Retype the listing exactly as it stands, and keep every image out.

* DATA PROVIDED:

....................

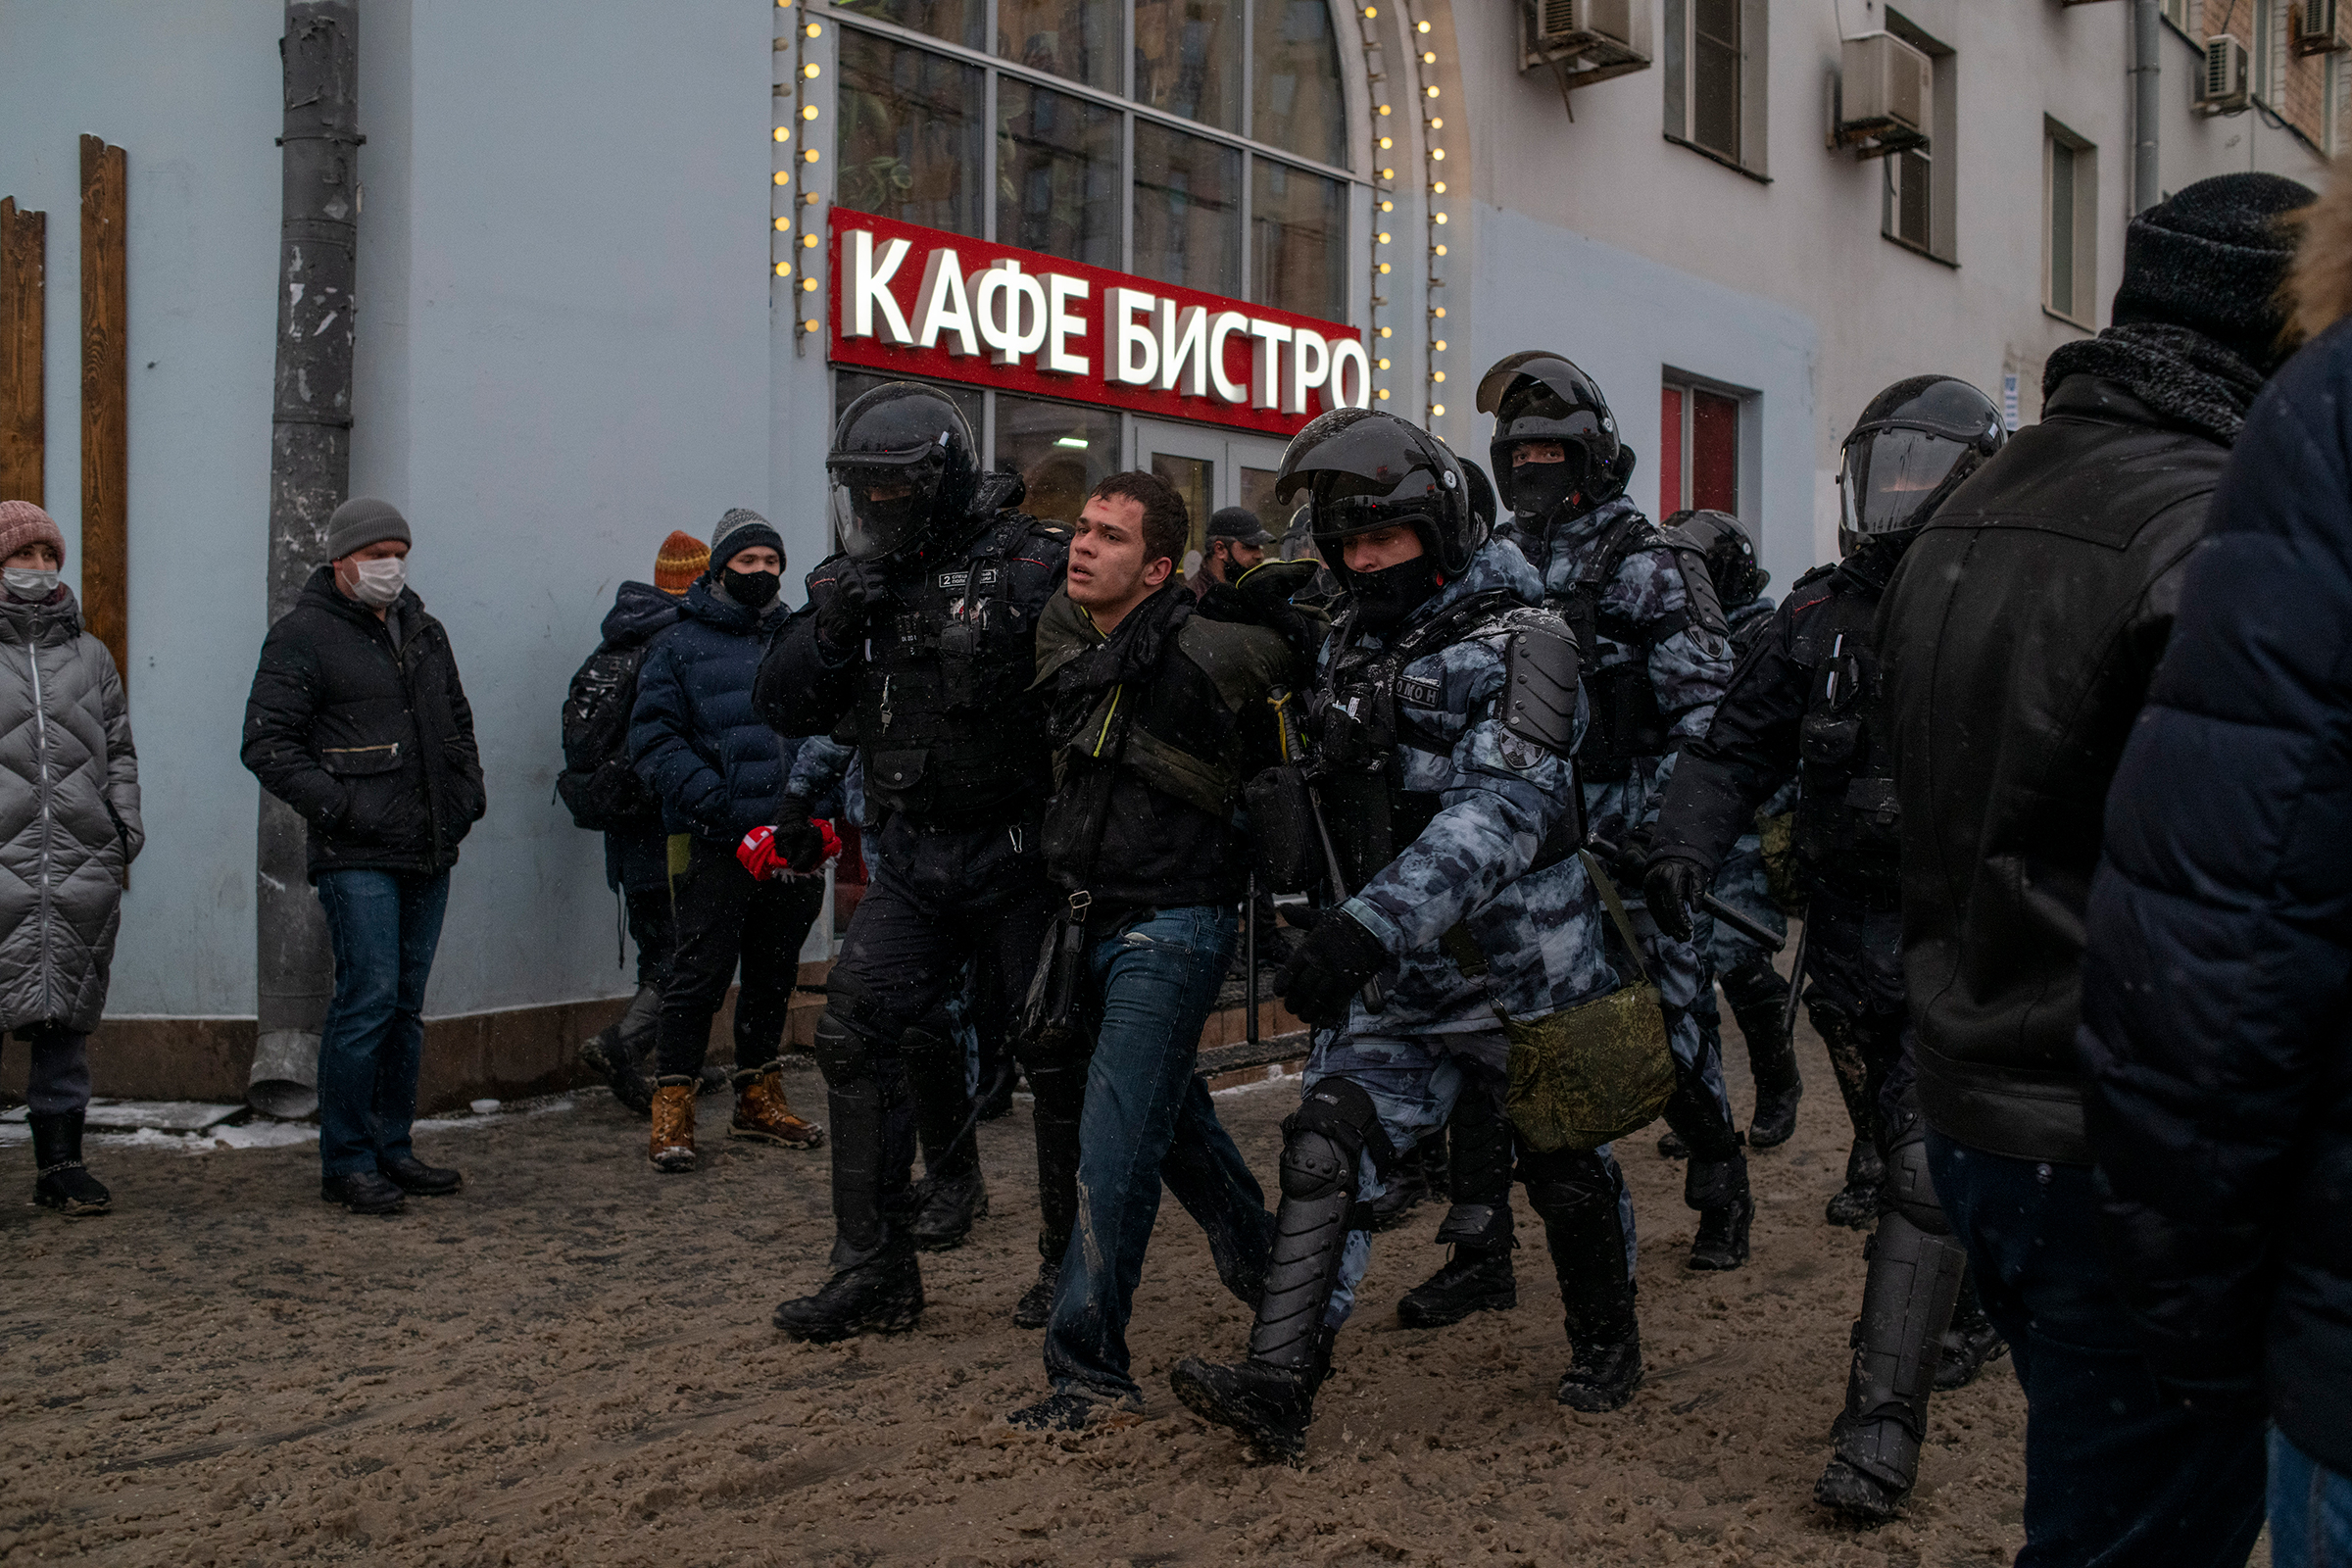 A protester is detained in Moscow on Jan. 31. (Yuri Kozyrev—NOOR for TIME)
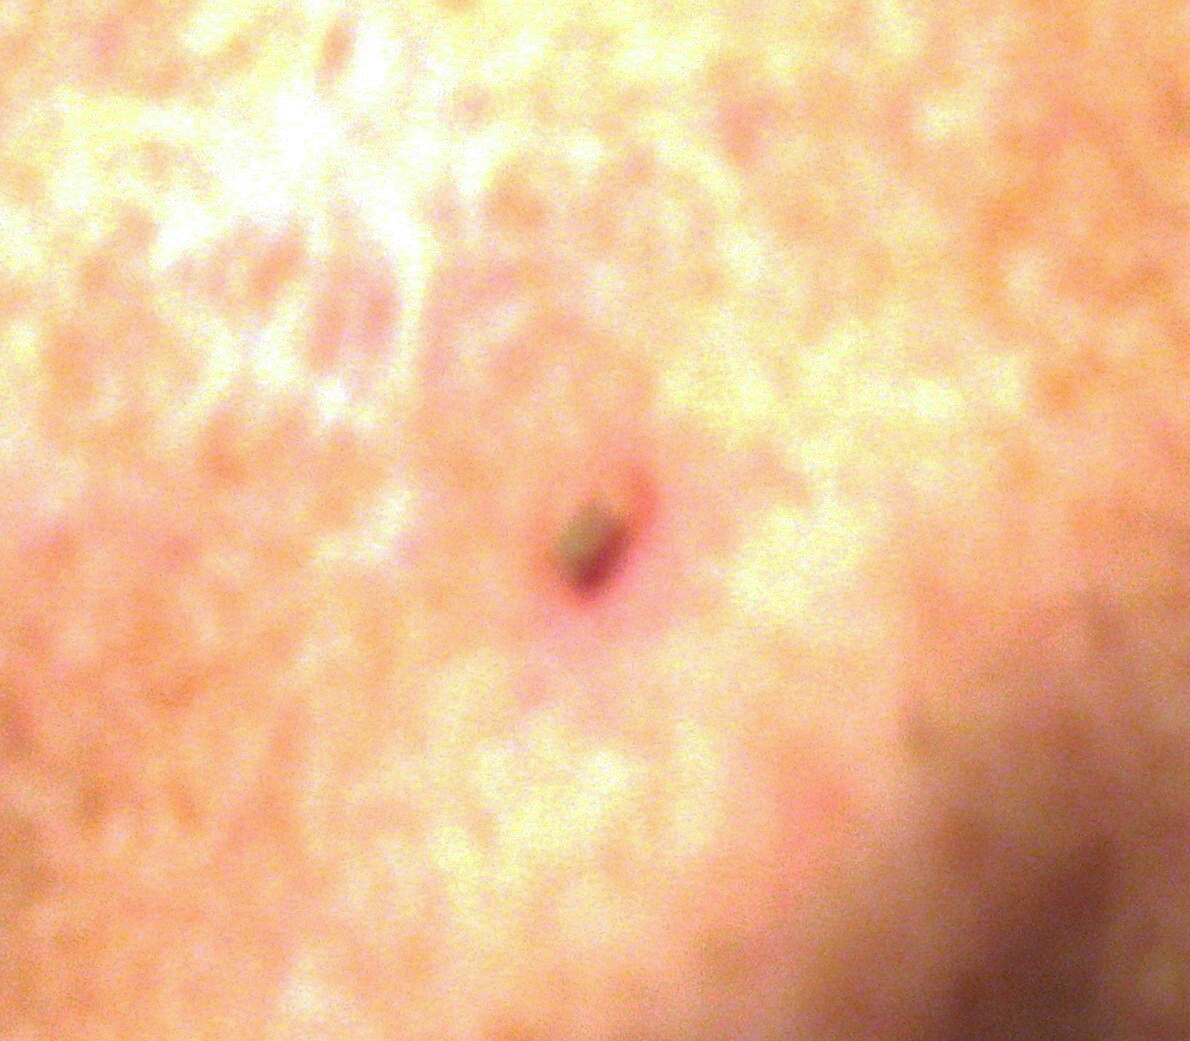 basal cell carcinoma treatment
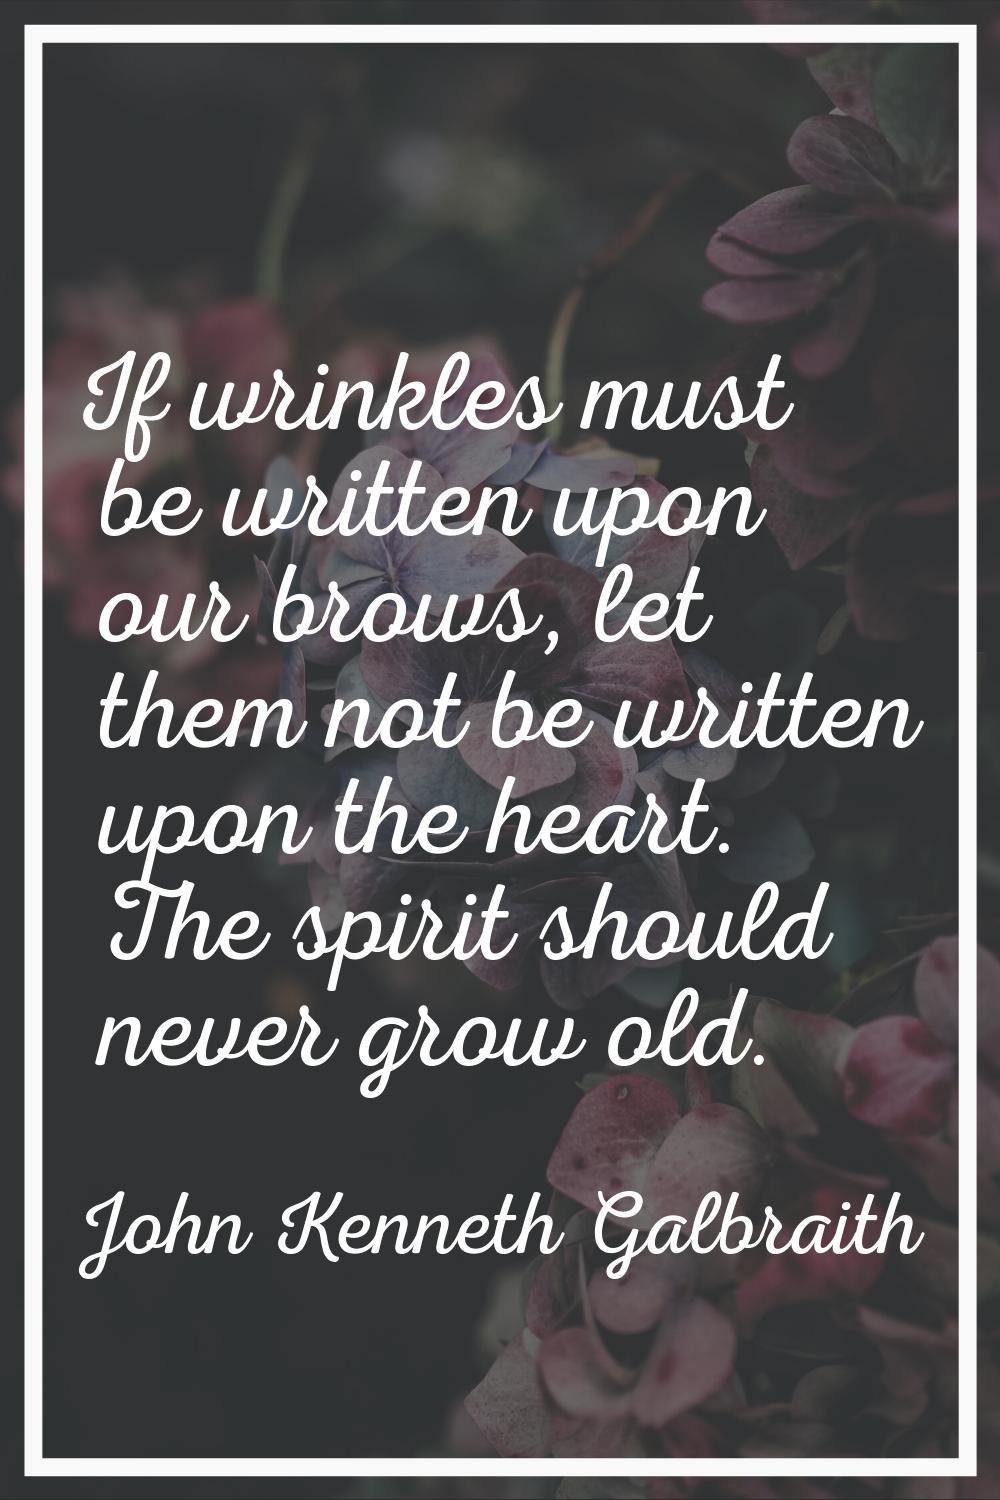 If wrinkles must be written upon our brows, let them not be written upon the heart. The spirit shou

....................

* ANSWER AREA:
 A protester is detained in Moscow on Jan. 31. (Yuri Kozyrev—NOOR for TIME)
 basal cell carcinoma treatment
 If wrinkles must be written upon our brows, let them not be written upon the heart. The spirit shou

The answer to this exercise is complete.